**WORK INSTRUCTION:**
Drop every picture, then print the rest of the listing exactly as given.

**GIVEN DATA:**
▶

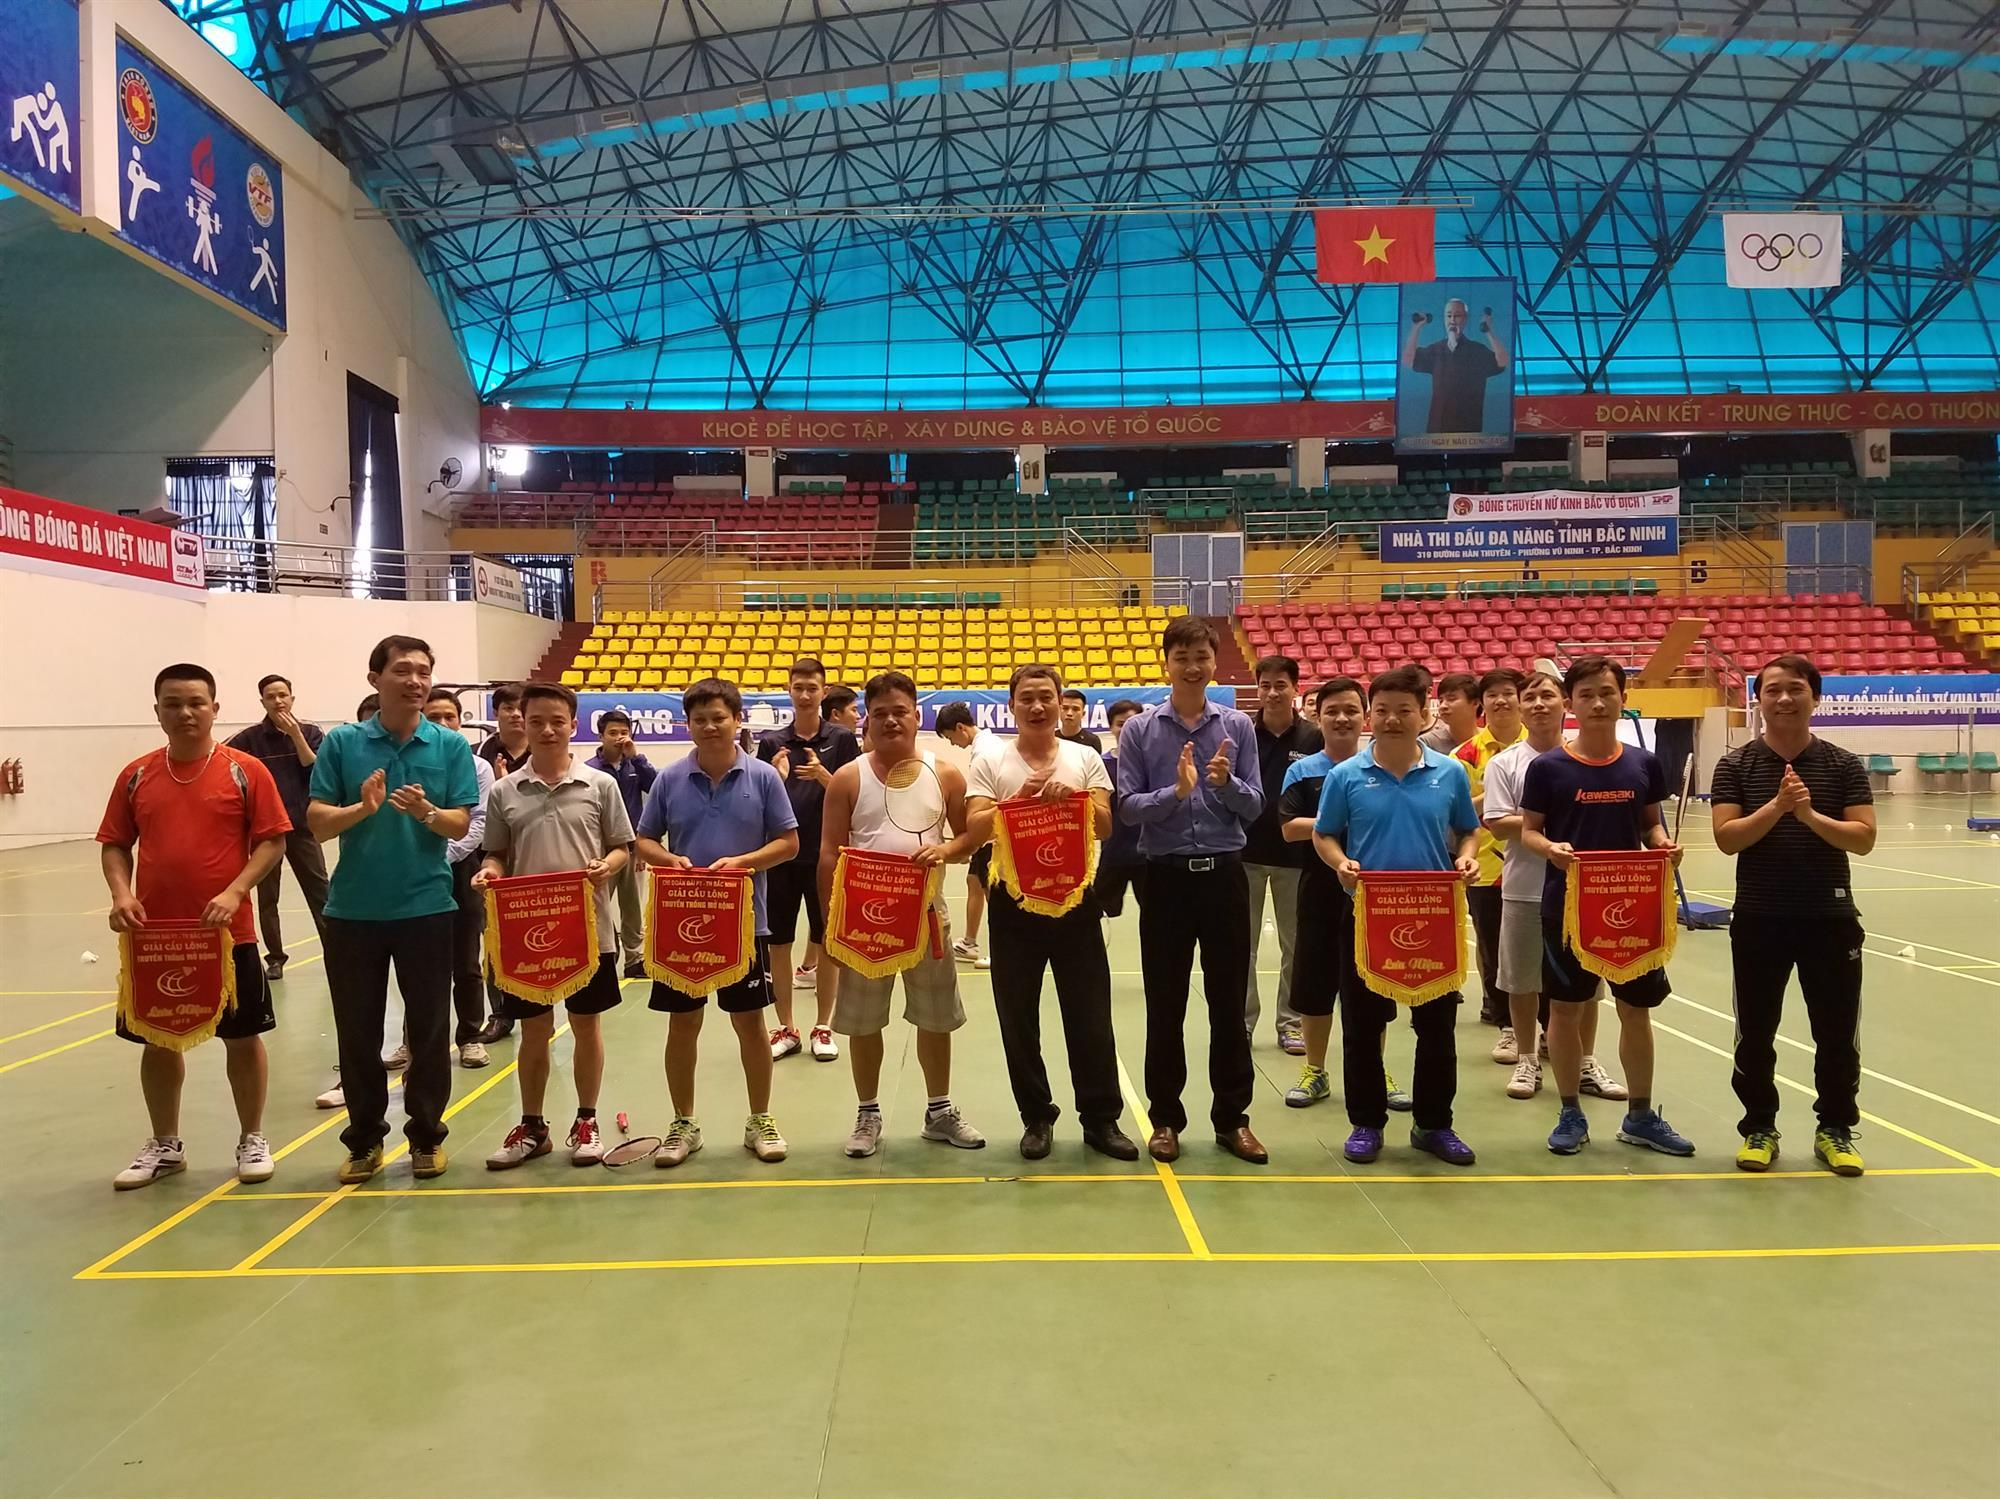 Giải cầu lông truyền thống Đài Phát thanh và Truyền hình Bắc Ninh
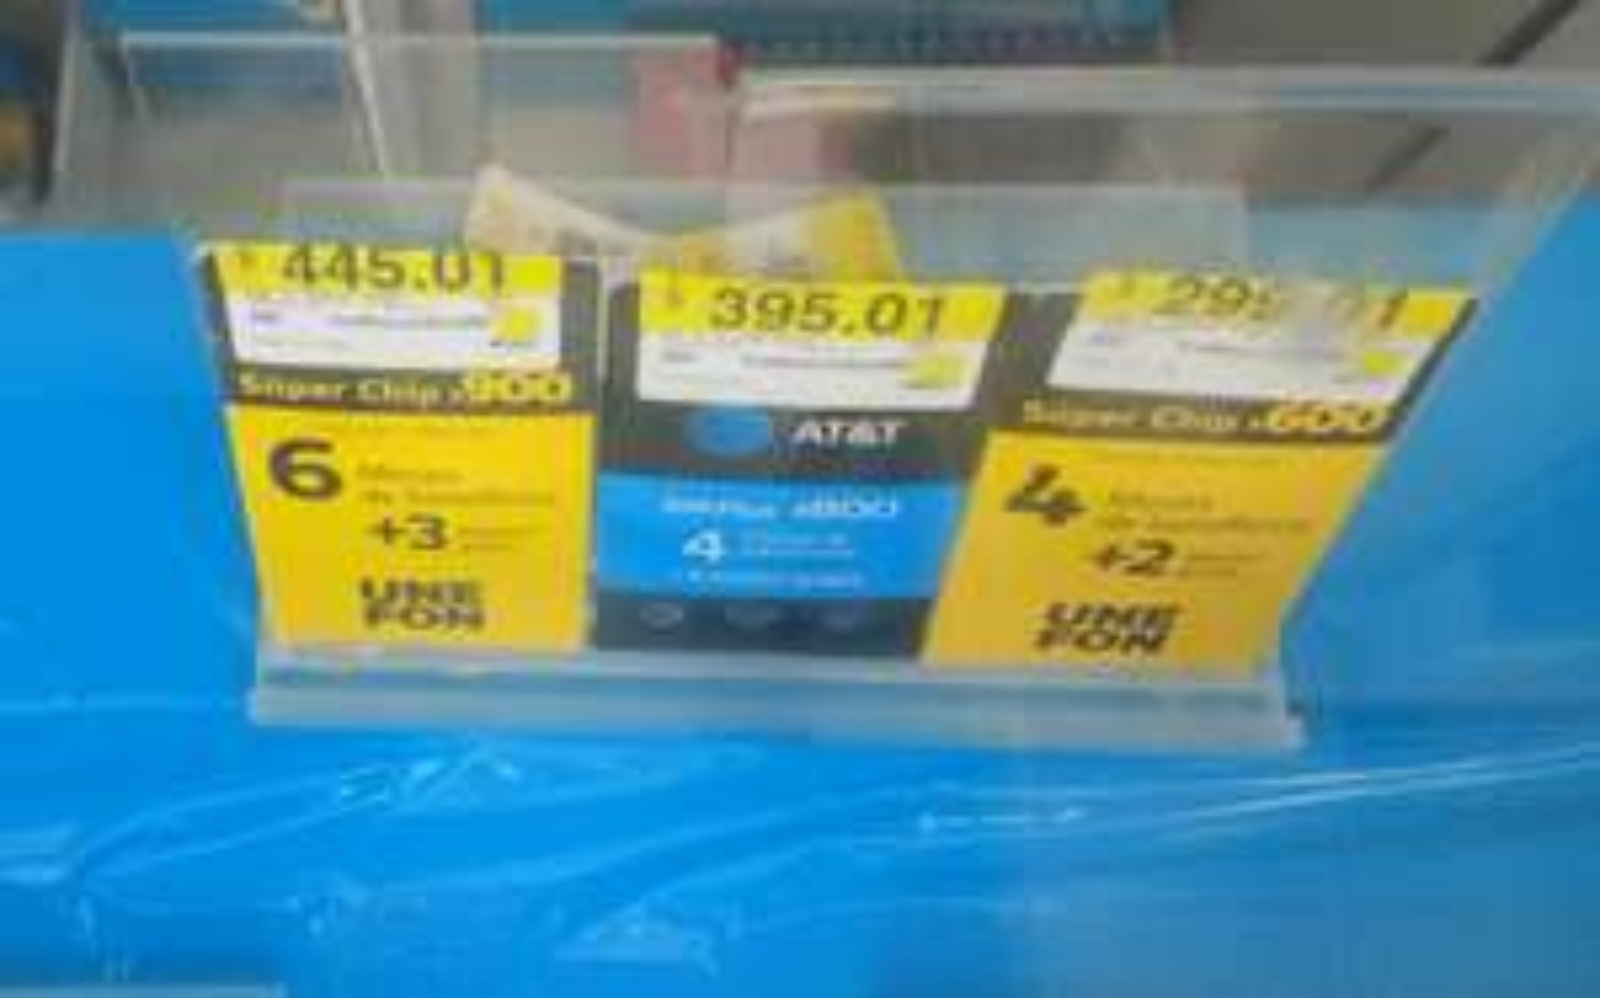 Walmart: Att&t y Unefon Sims en última liquidación.
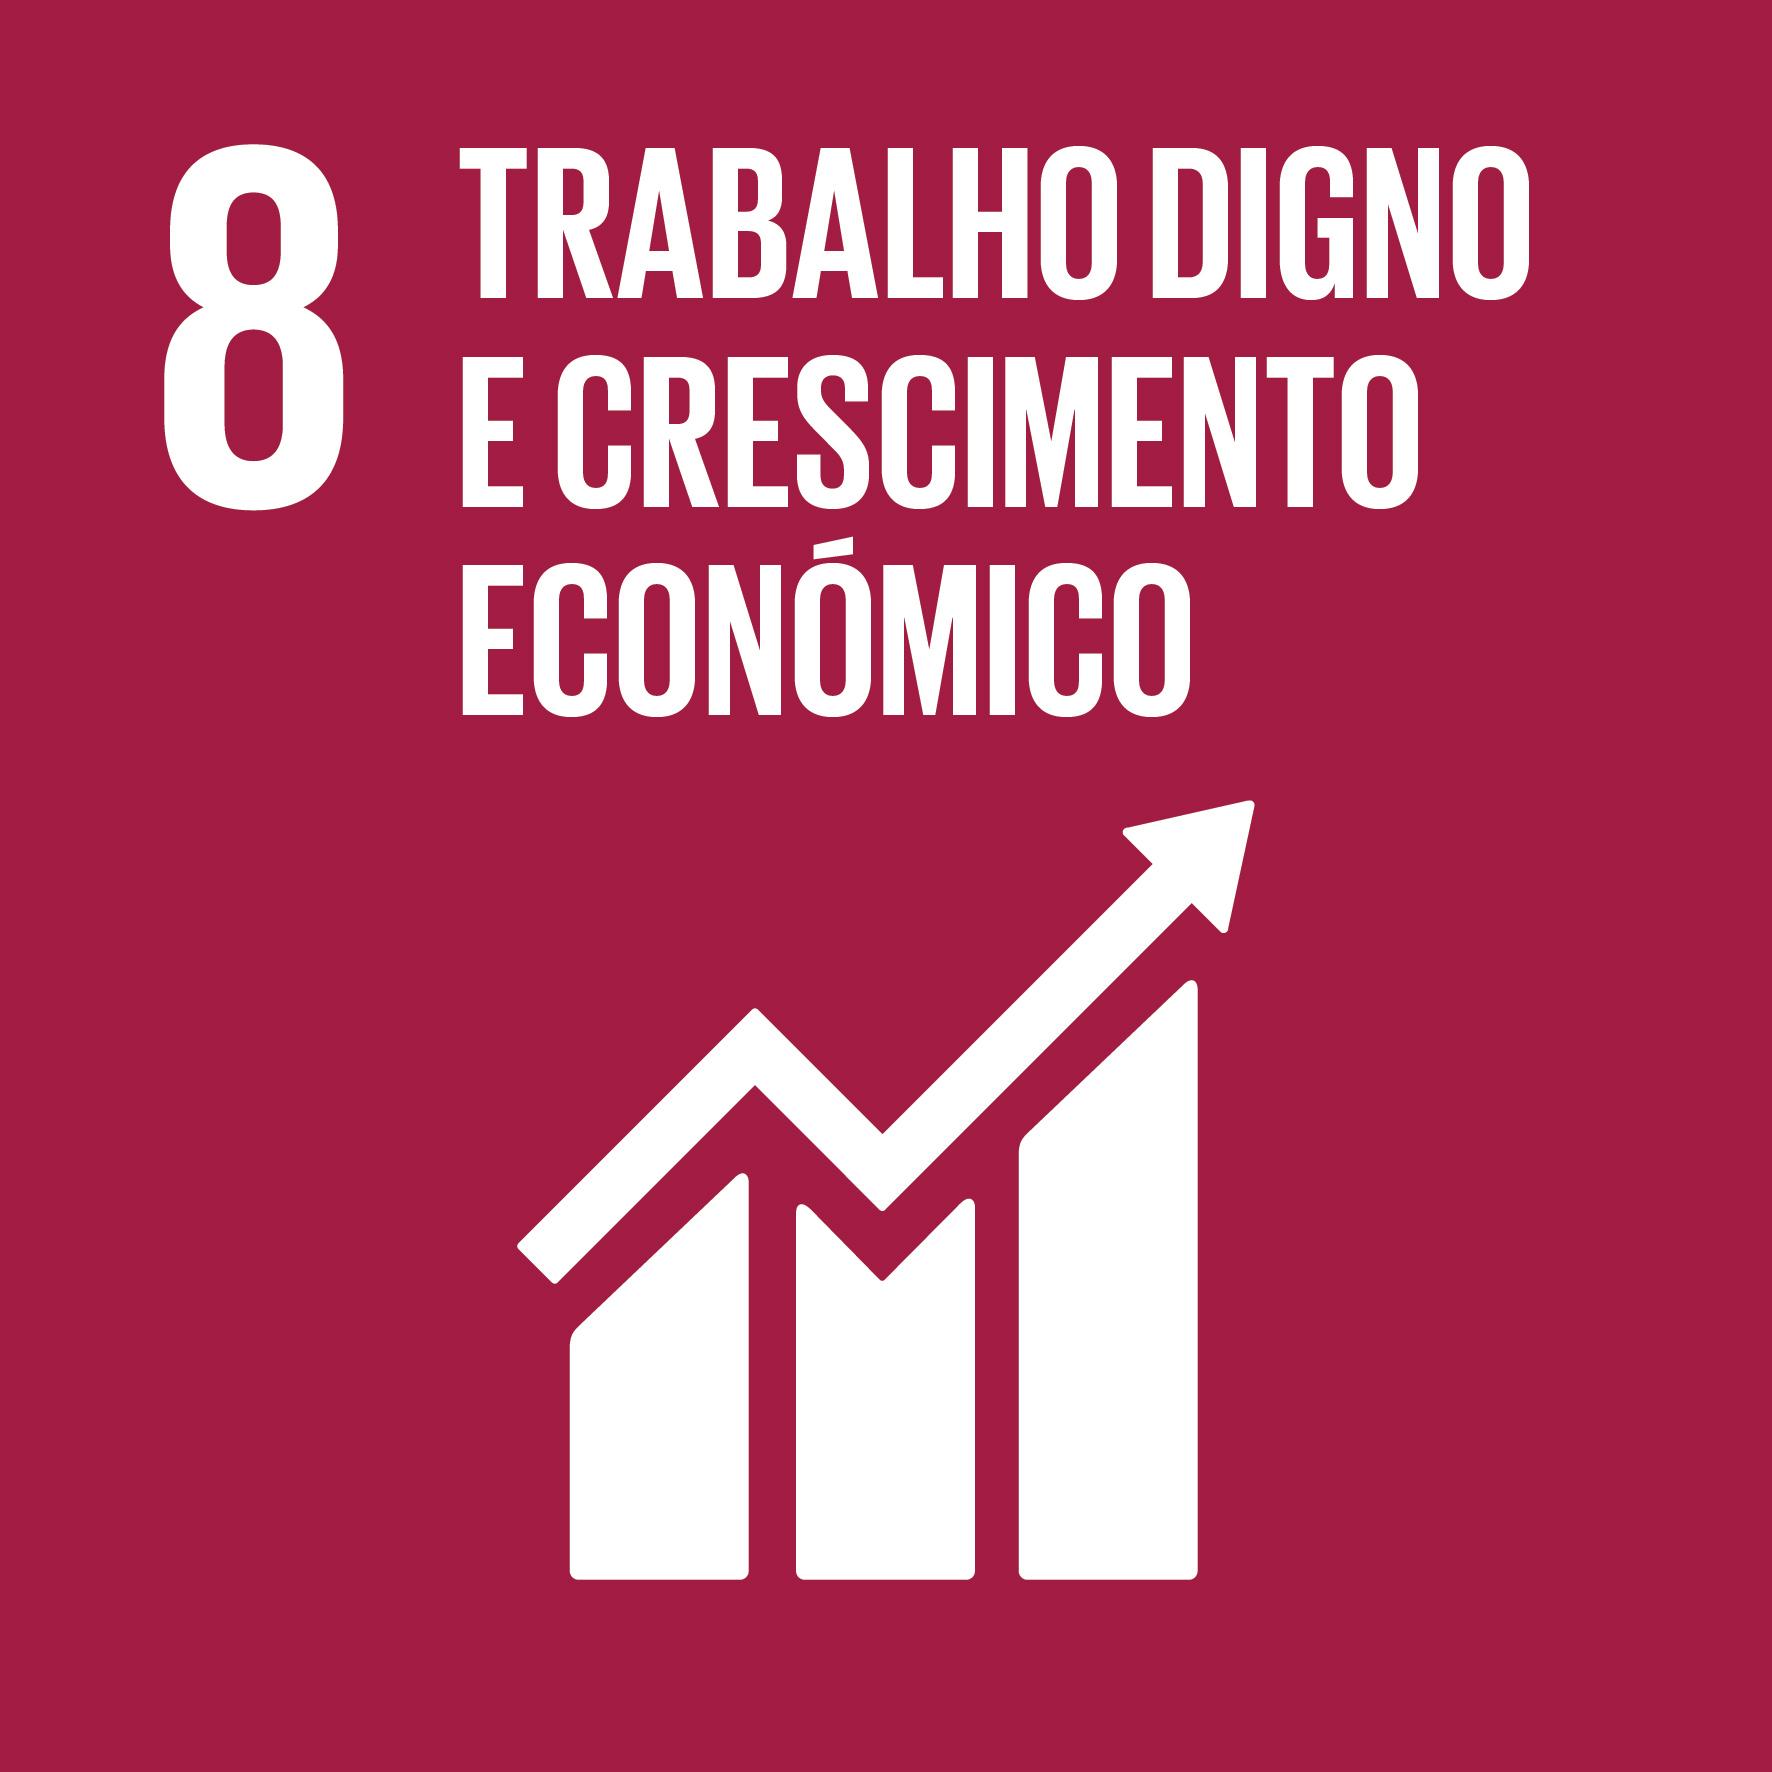 Objetivo 8: Trabalho Digno e Crescimento Económico

◀

**RESULT:**
 Giải cầu lông truyền thống Đài Phát thanh và Truyền hình Bắc Ninh
 Walmart: Att&t y Unefon Sims en última liquidación.
 Objetivo 8: Trabalho Digno e Crescimento Económico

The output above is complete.